Потом Дженни направилась к ним, и обещание счастья сияло в ее голубых глазах, и Тай забыл обо всем на свете, кроме того, что эта великолепная женщина принадлежит ему.

Перехватив на полдороге, он обнял ее и увел за дом, в тень между азалиями, а там крепко-крепко прижал к себе.

— Бог мой, какая же ты соблазнительная женщина!

Дженни порозовела, засмеялась и обняла его за шею здоровой рукой.

— Ковбой, надеюсь, ты этому никогда не доверишь, но ты единственный мужчина в мире, который так считает.

— Ты смотришься в зеркало, дорогая? — Он поцеловал ее и куснул мочку уха в надежде вызвать в ней неодолимое желание. — Ты сильно изменилась с тех пор, как я впервые положил на тебя глаз. Тогда у тебя вид был достаточно жалкий, но главные качества, разумеется, были те же.

Дженни прижала свой подбородок к подбородку Тая и спросила:

— Тай, иногда… я просто хочу знать… скажи, по-твоему, из меня выйдет хорошая жена?

— Думается, будут порой сложности, — пробормотал он, еще крепче прижимаясь к ней. — Но ты дала обещание, Дженни Джонс. И потом, ты ведь уже научилась самому важному.

Она тихонько рассмеялась глубоким грудным смехом и смежила веки, когда он покрыл ее прекрасное лицо зовущими страстными поцелуями. Дженни поймала руку Тая и притянула ее к своей груди.

— Как ты считаешь, нас кому-то будет не хватать, если мы уедем в твой дом?

Дженни хорошо выучила урок. Теперь уже она поддразнивала и подстрекала.

— Всем будет нас не хватать, — ответил Тай, целуя ее веки, а потом уголки губ. — Это же мы принимаем гостей.

Они посмотрели друг другу в глаза и расхохотались. Оба они ничуть не беспокоились о том, что о них подумают.

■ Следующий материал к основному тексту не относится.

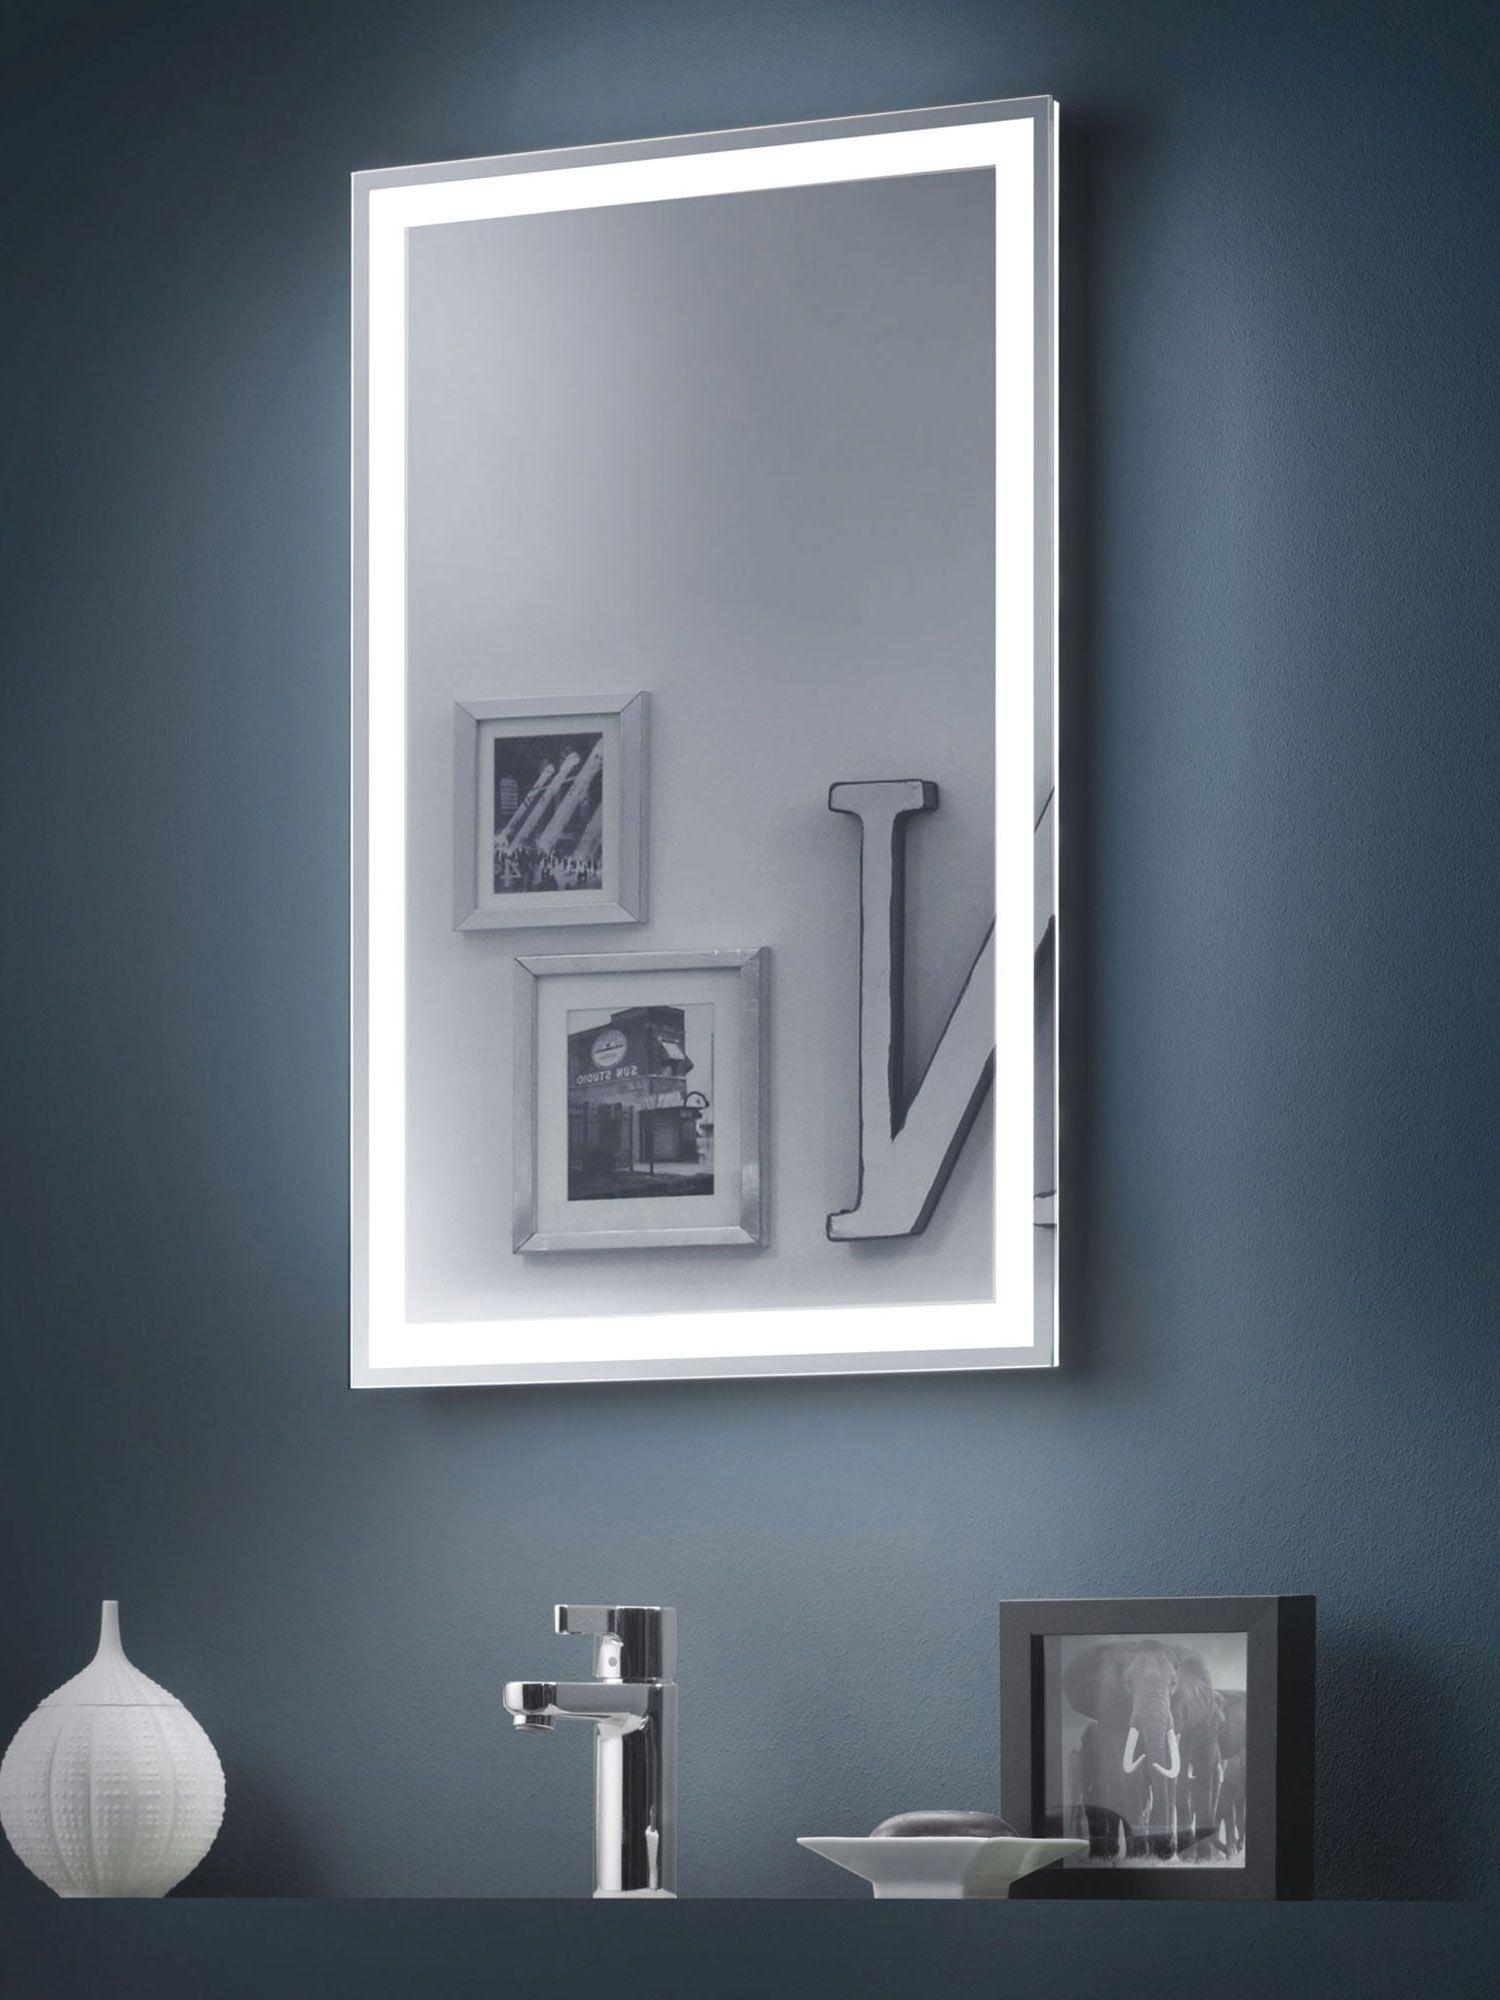 20 inch bathroom mirror harbor freight narrow crown stapler

— Я не хочу ждать, пока мы уедем в Сан-Франциско, ковбой, — прошептала Дженни. — Слишком долго я ждала, пока ты сюда явишься и заберешься ко мне в постель.

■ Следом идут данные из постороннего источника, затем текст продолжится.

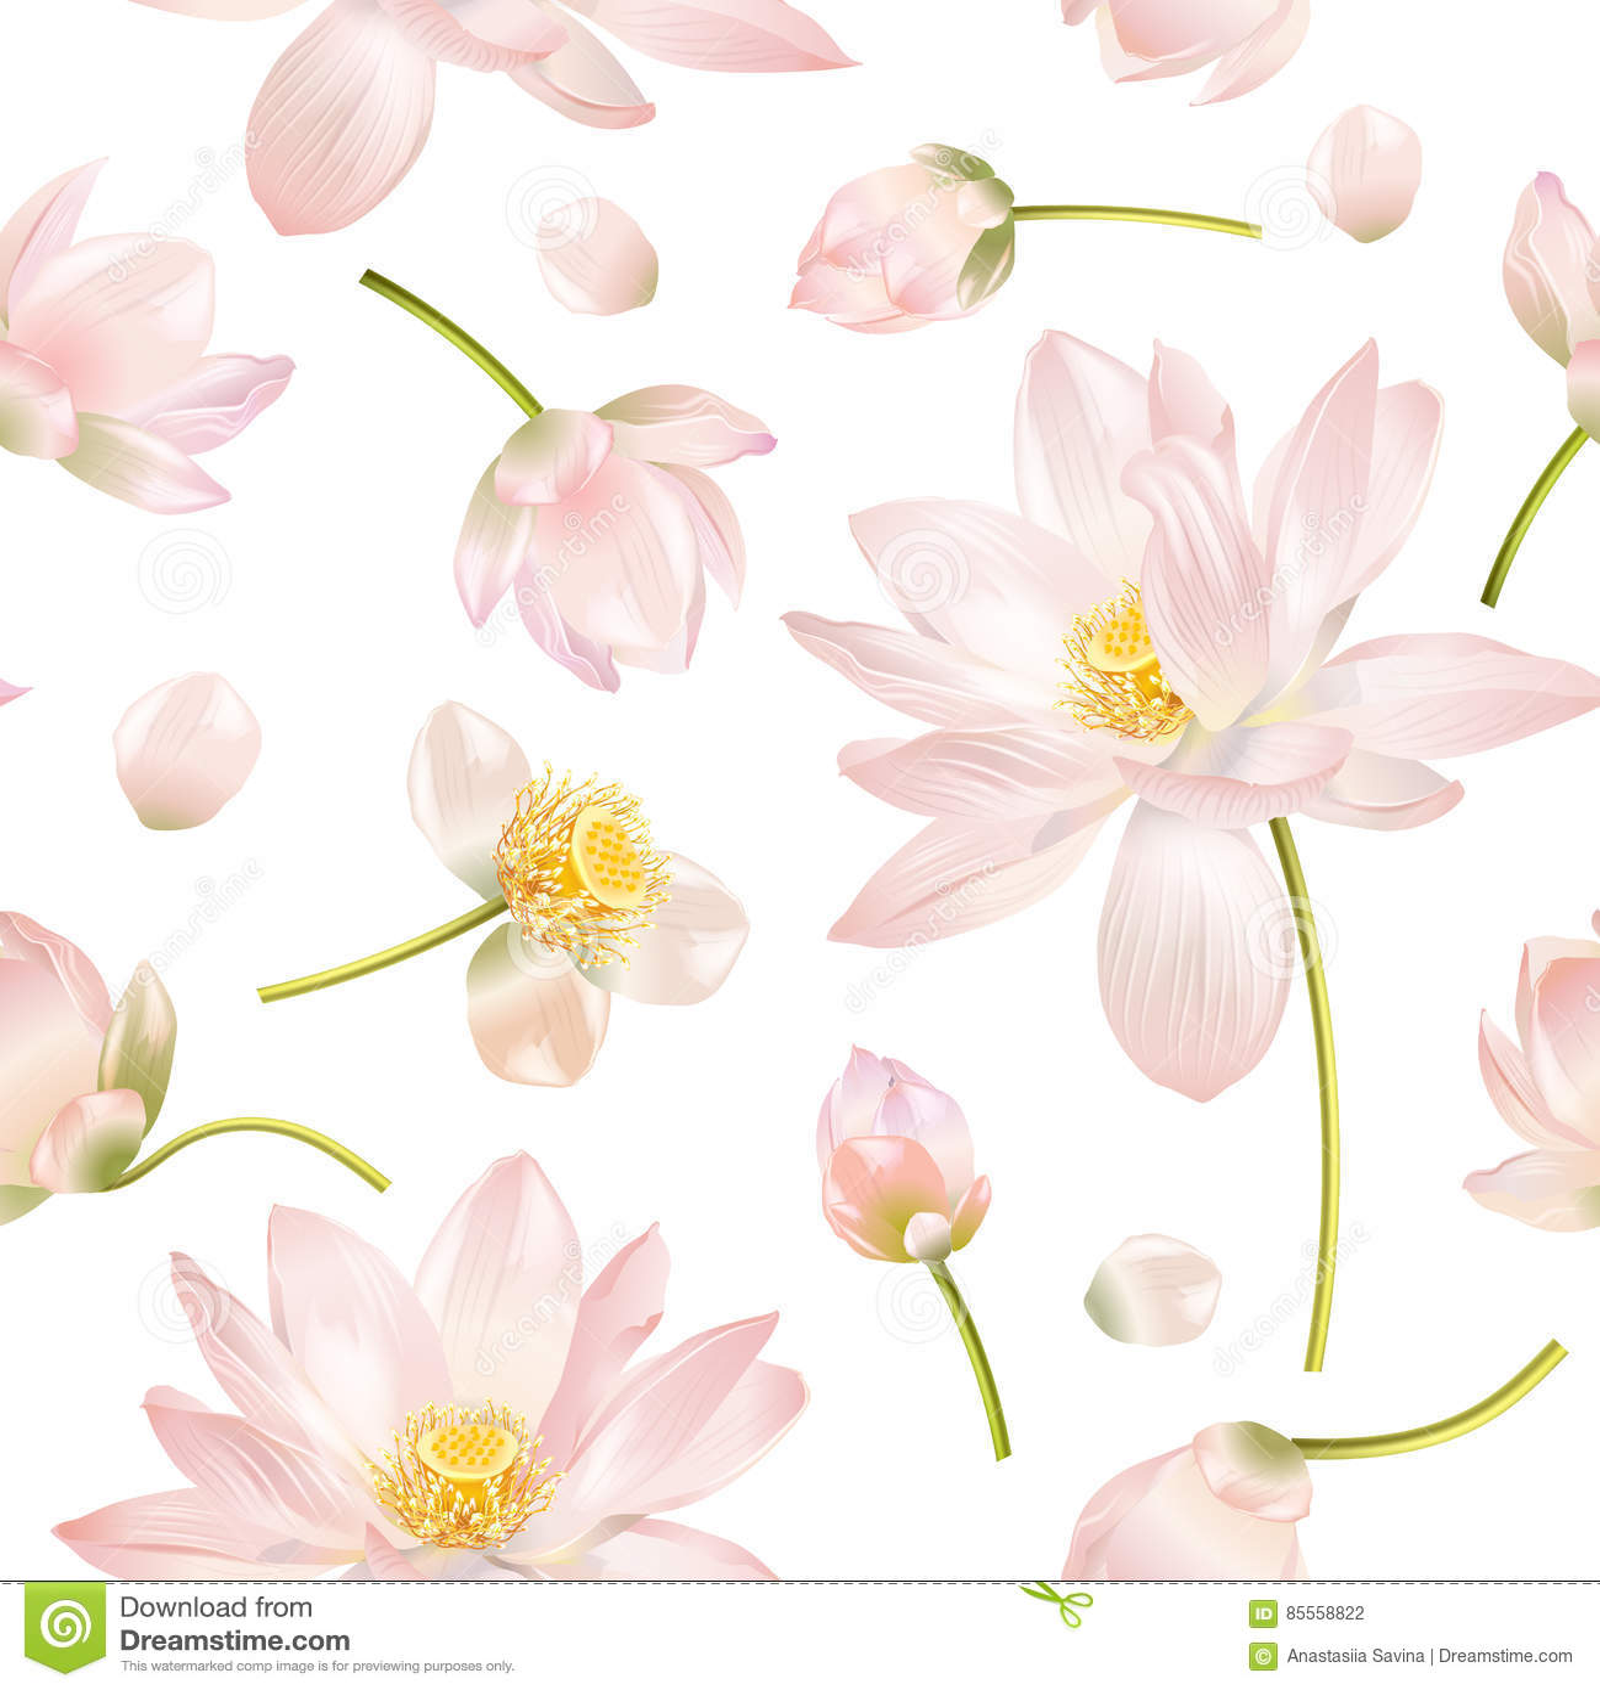 Realistische Illustration Lotuss

— Давай наперегонки в конюшню, — охрипшим от сильного желания голосом произнес Тай. — Кто прибежит последним, снимет с меня сапоги.

Взявшись за руки и весело смеясь, они побежали, навстречу первым звездам, проступившим на ночном небе, побежали к конюшням, навстречу обещанию, которое дали друг другу.

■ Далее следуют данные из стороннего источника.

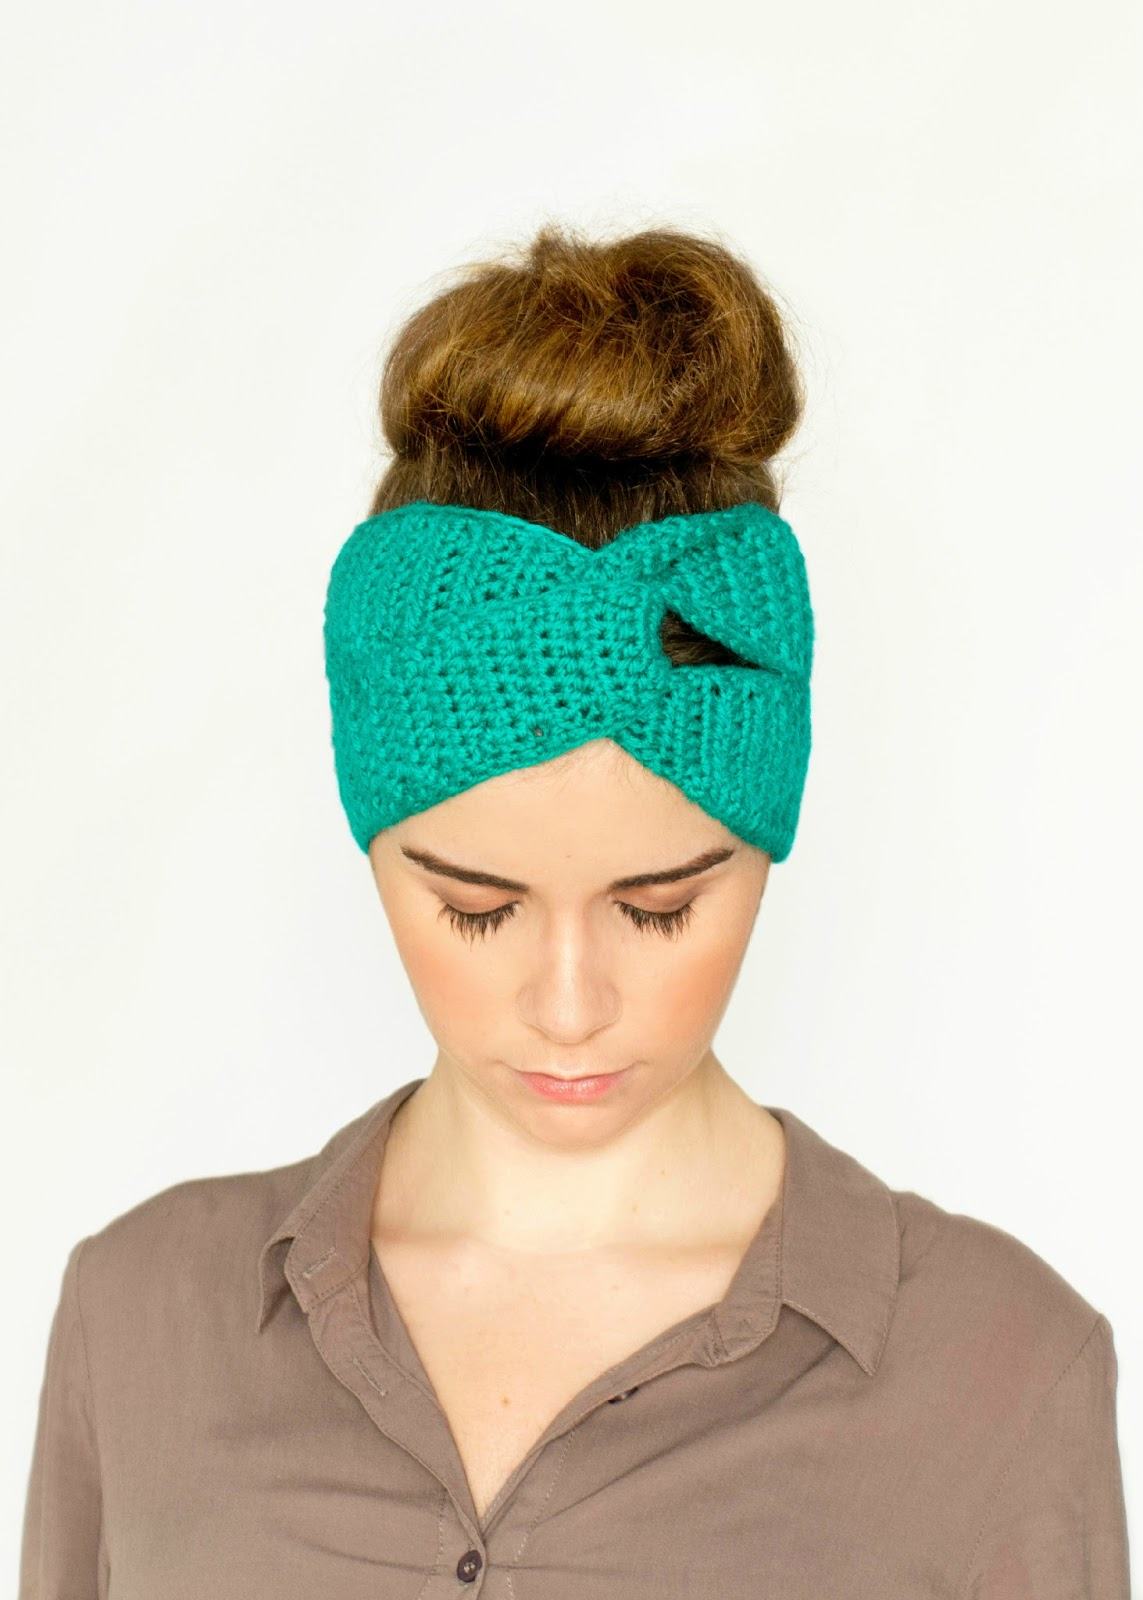 Twisted Turban Headband Interweave

Позже он расскажет ей о том, что Роберт собирается уезжать и просит их начать свою семейную жизнь вместе с шестилетней дочерью, которую они оба любят. Он будет держать ее в объятиях, а она заплачет от счастья. Но в эту минуту он думал только о том, чтобы остаться с ней наедине.

Дженни. Это имя, произнесенное шепотом, сохраняло ему жизнь в пустыне. Это Дженни сделает осмысленной и стоящей всю его дальнейшую жизнь.